Fraud Detection Via Artificial Intelligence: How AI Gives Wings To Banking Sector?

In this modern world, our lives are increasingly depending and entirely revolving around technology. Among the various types of technologies available in the market, Artificial intelligence (AI) is one of the top-most technologies which came into existence. There are  wide range of AI applications that blows the mind of many people up to a huge extent. Artificial intelligence can play an essential role in fraud detection in the field of finance & banking industry.  

As most of the users now use banking online, therefore there is a rise in the risk of being duped by fraudsters than before. According to the latest estimation done by Artificial Intelligence Experts, cybercrime & financial frauds are costing the global economy around 600 billion dollars currently. Thus, Artificial Intelligence reaches the rescue. Nowadays, the AI Developers say approx. 26% of the venture funding increased for AI in the banking sector is for fraud applications. In this blog, we will explain the main techniques that AI banks may use to detect payment fraud, credit fraud, or onboard fraud.  

Overview- Need for transformation 

In this modern era, most of the financial services sector is already on the verge of a significant transformation, wherein Artificial intelligence is the main driving force behind it. The improvised AI apps have already been identified in the areas that include credit scores, regulatory compliance, customer experience, as well as portfolio management.
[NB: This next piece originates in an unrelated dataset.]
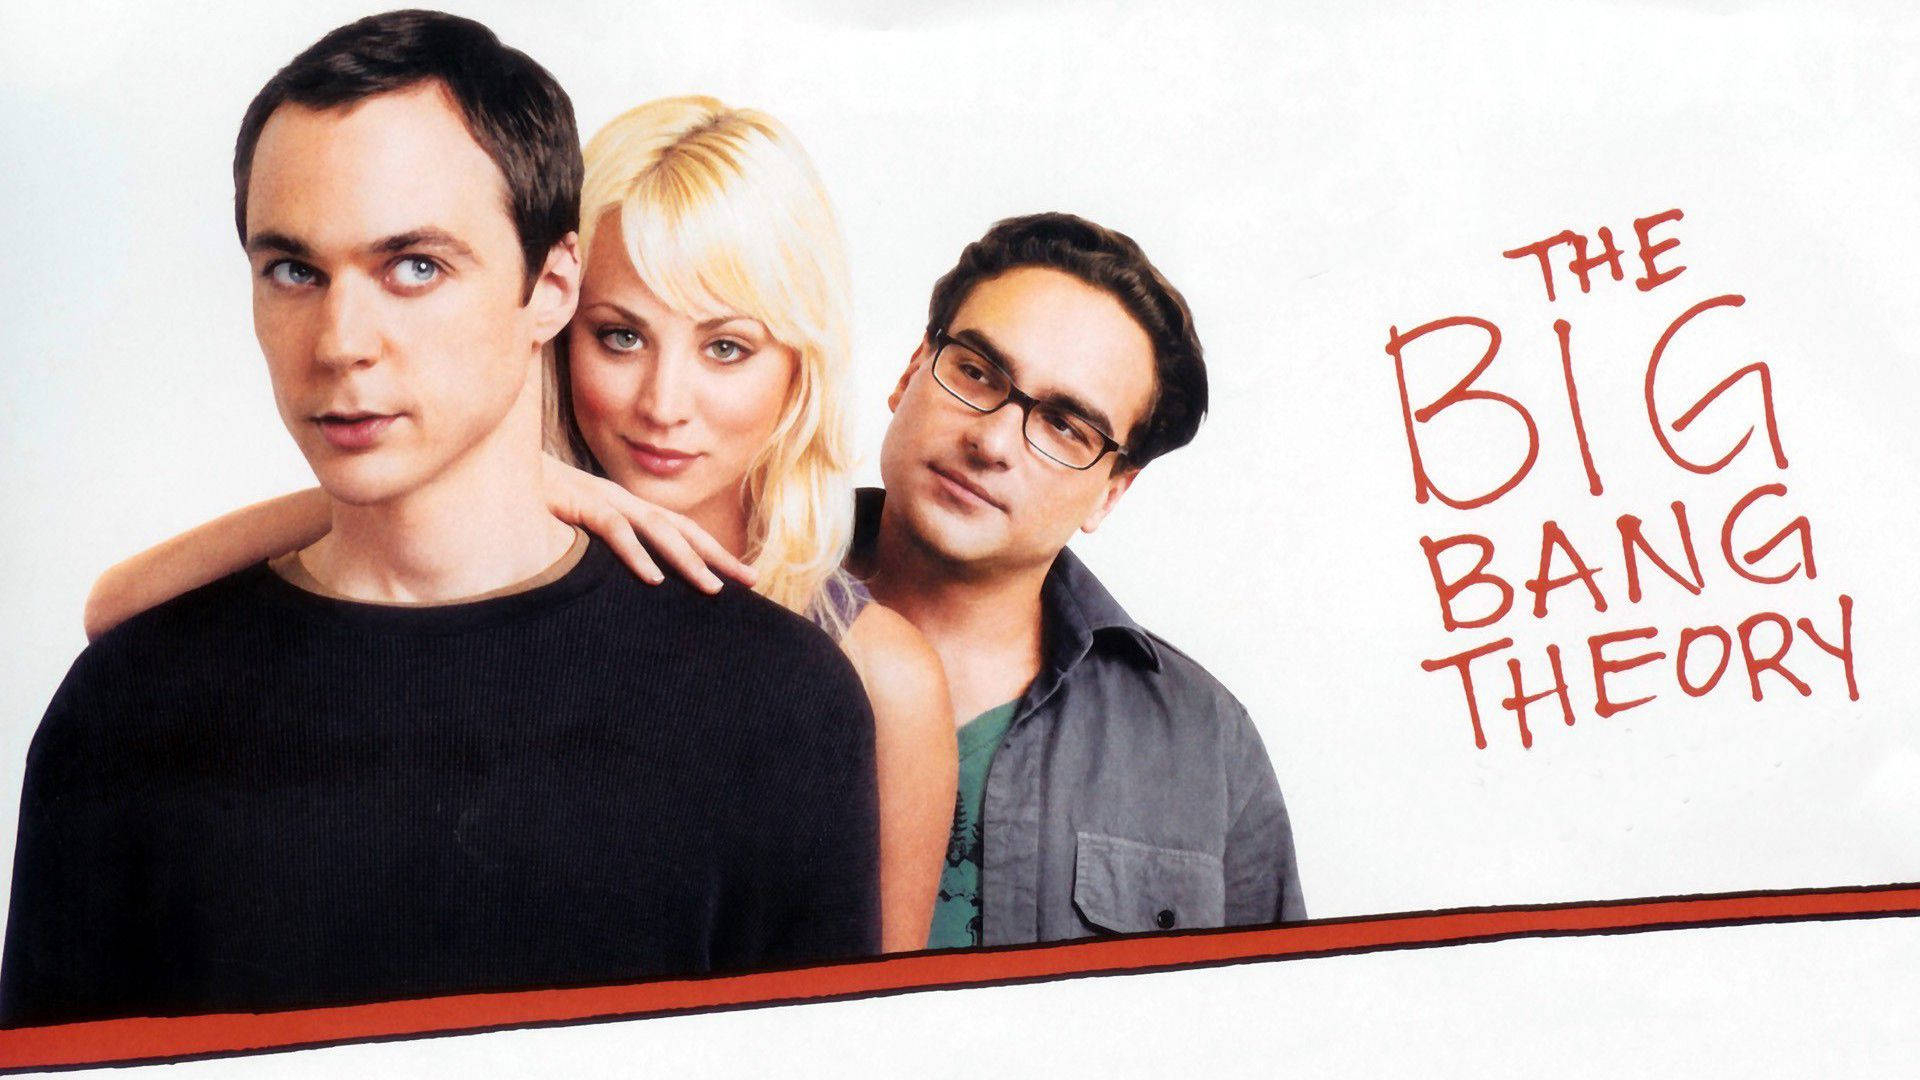 1920x1080 Download The Big Bang Theory Star Poster Wallpaper

With the rapid technological advancements, all the tasks can now be conducted in a matter of seconds. Moreover, chatbots & customer-oriented AI projects are coming into the limelight.  

What is the importance of AI in Fraud Detection? 

There are many AI applications in various areas, wherein it also comes with significant influence in fraud detection. Now let us discuss the importance of Artificial intelligence in Fraud Detection. 

1. AI has incredible Efficiency 

You must be already aware that the average transaction volume managed by banks per second is regularly increasing. If a machine learning model has been built already, then these models can withstand a high number of real-time transactions. They are also efficient and quick to adapt & thus find the latest methods of fraud in a minimum possible time. 

2. It helps to lower ownership costs 

As cloud computing is now becoming more affordable, your expense of running ML fraud detection models may be kept low. It can be reduced by the volume of transactions. 

3. AI offers greater Adaptability 

There are many banks with offices in ample geographies. In this case, you may need to tackle various types of fraud in every region. 

4. Speedy and Efficient 

It has been observed that in the rules-based systems, people may create ad hoc rules in order to determine which types of orders need to be accepted or rejected. This process seems quite time-consuming & comprises manual interaction. But contrarily, it is essential to have a faster solution in order to detect fraud. Merchants  need quick results in seconds. Only Machine Learning (MI) techniques allow doing this.  

Get a clear idea about how AI helps to detect fraud

Primarily all banks generate a large amount of data on a daily basis. These types of data are basically used to train MI models that help flag a given transaction as fake or not. Fraud detection in MI comes under the category of anomaly detection. It basically involves taking all of the data & then creating a graph. But there can be few transactions out of a specified range. They are referred to as anomalies.  

Challenges faced by the AI 

Though Artificial Intelligence (AI) is radical, but still, it may also encounter some challenges.  

1. Insufficient Data 

It is also called the issue of the cold start. In case there will not be sufficient data, the accuracy of the models built by MI algorithms might change below. Most of the Smaller banks could have trouble in implementing such kinds of methods. 

2. Problem occurred due to lack of clarity 

Sometimes, the situation may arise that it becomes challenging to explain why certain transactions have been considered fraudulent. In some cases, reversing the engineering of such type of situations may become impossible.  

3. Confusion while choosing the correct algorithm 

It has been observed that the machine-learning algorithm might offer different levels of success for other banks. Therefore, knowing which algorithm to use may be difficult. It is always recommended to work with an established MI solution provider. 

Final Words: 

As criminal activities are on the rise,  therefore, the banks & financial sectors are making use of AI’s power to protect their companies from various types of frauds. Thus, they tend to enhance the customer experience with the help of AI. By applying AI to detect fraud basically enables the financial firms to deeply identify real transactions vs. fraudulent transactions in real-time along with a high level of accuracy. As old rule-based algorithms fade into the past, adoption of the new top-notch methods that are Machine Learning algorithms for fraud detection is the new safe. It will surely bring more excellent value to your businesses and thus provide a high level of satisfaction to your customers.

Liza Kosh is a senior content developer and blogger who loves to share her views on diverse topics. She is currently associated with Seasia Infotech, an artificial intelligence company. She holds great knowledge and experience in technical and creative writing.